To be safe we need our yellow circle INSIDE the blue circle at ALL times.
We can increase the blue circle with training.
With this I mean all training not just weight lifting, this can mean more walking, yoga, pilates, taking the stairs, eating and sleeping better.
Trained individuals have a large BLUE circle, they have strengthened their bodies through the practice of balanced loading,
mobility work and lots of movement (left hand circles)
Untrained individuals have a small BLUE circle, they are more at risk from the same amount of stress as a trained individual (right hand circles)
Of course different stresses and positions can injure anyone, however having physical preparedness for what life throws at you can mean the difference from a slight twinge that is annoying....to a week in bed on painkillers.
Personally, I have a weak lower back in one place.
Ten years ago I got my self
signed off work for two weeks when shifting a huge TV in a move and twisting my back.
Now I still tweak the same place from time to time yet I'm back in action after a bit of stretching...the difference:
- 12 years of lifting weights, stretching and trying my best to be healthy has strengthened my muscles, especially the ones around my spine
- I have stronger bones, these increase in density when loads are applied (it is why osteoporosis sufferers are told to do light weight training!)
- I am more skilled with form
- I know my limits
- I take warm ups and recovery time REALLY seriously
- I have a better recovery rate, muscles that are used are
full of vital nutrients and hormones
- My joints are more mobile so if I did fall it would take more to twist them
- One often overlooked response to more movement and training is also prevalent...we get less accident prone the more practiced we are with more movement!
When I dumped the TV a few years back I also noticed how much lighter it felt,
even flinging it into the pile of old TVs at the dump didn't cause any issues.
My oldest client is 87.
From our first consultation her goal was to be able to sit down and get up from the ground 10 x a day.

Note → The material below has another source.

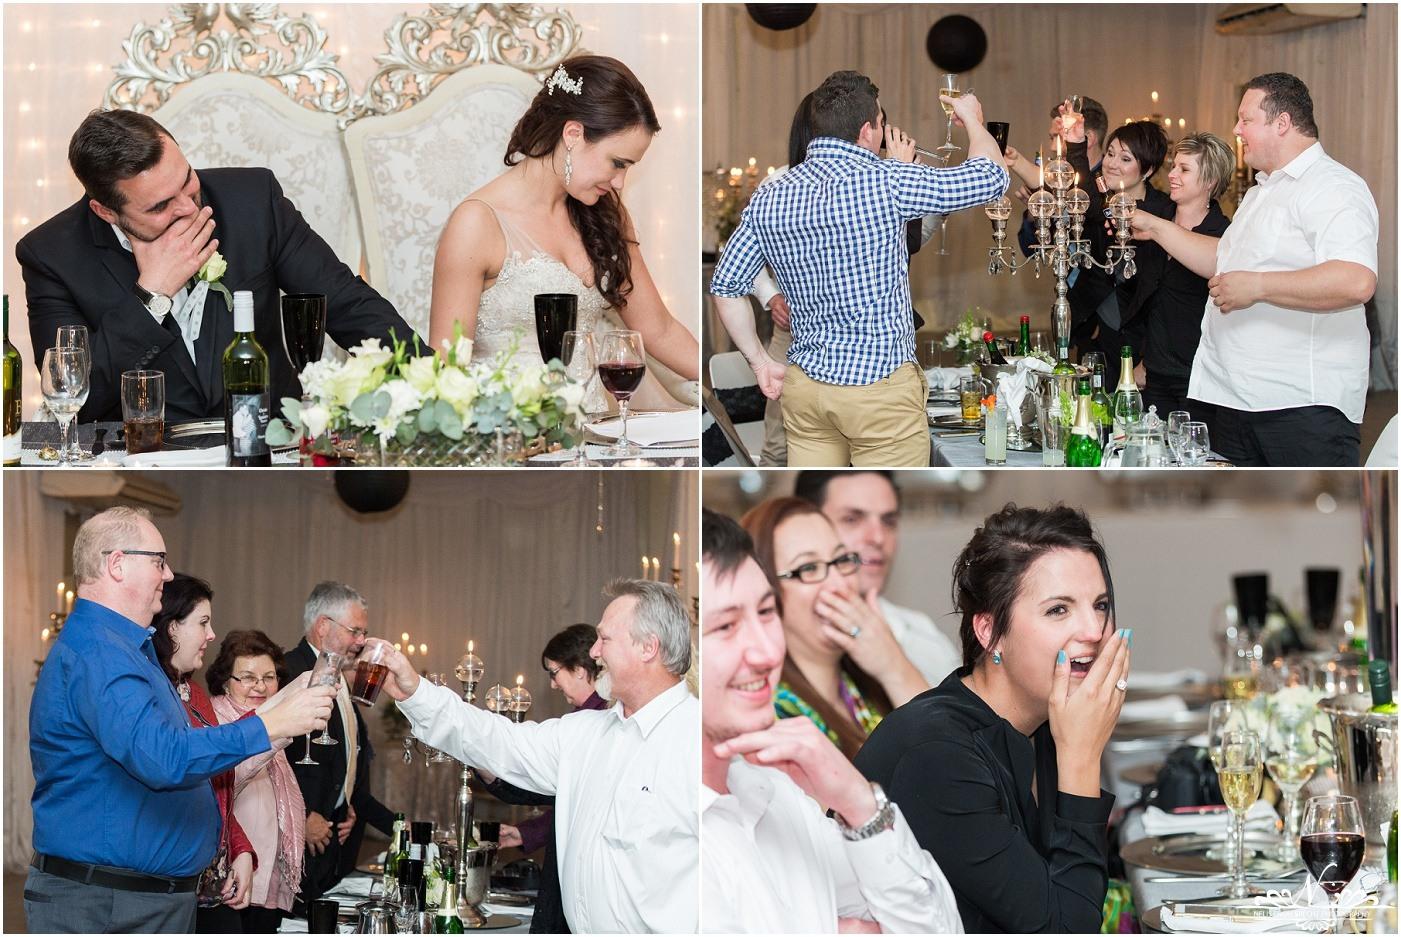 Eensgezind-Wedding-Photos-Nelis-Engelbrecht-Photography-183
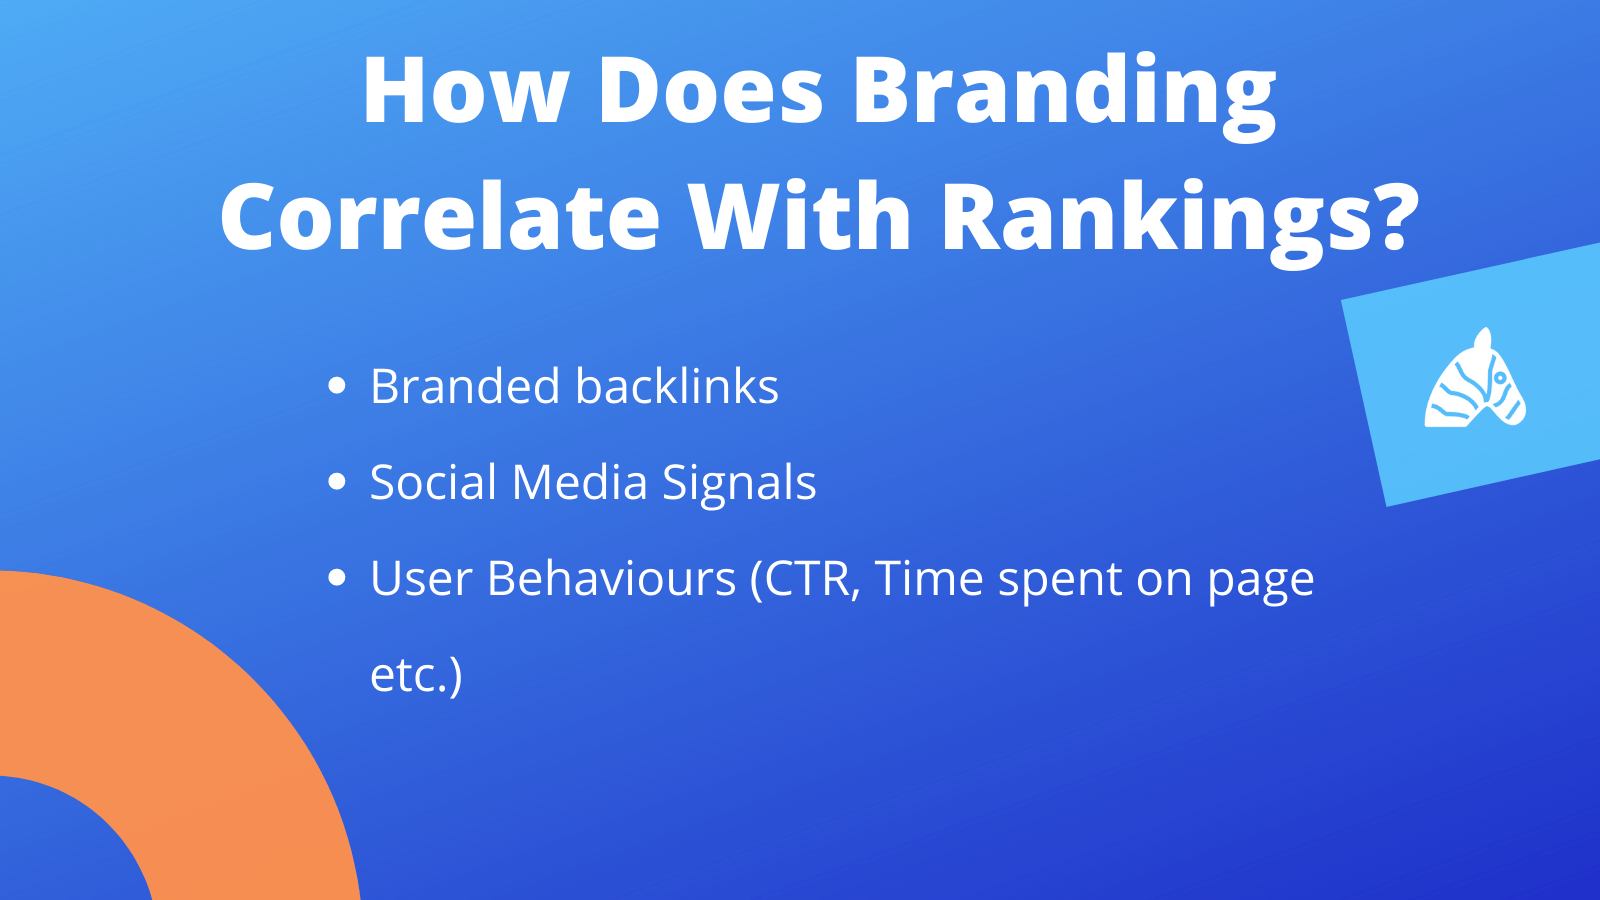 how do SEO rankings correlate with branding

She had had a minor fall a year before and the most upsetting thing to her was that she had to be helped to
her feet by passers by.
She wanted her dignity back
We had to move really slowly and progress gradually. Just getting her to a kneeling position took a few sessions and her Doctor was well involved in the process.
We got there, and by just learning an exercise called the
'get up' she has more confidence, gets out more as uneven pavements now don't pose such a risk and is moving her joints OUTSIDE of the movement she does on a day to day basis.
Protecting ourselves is important of course, however are we too protected by convenience?
What have you done to increase your BLUE circle today and get more robust?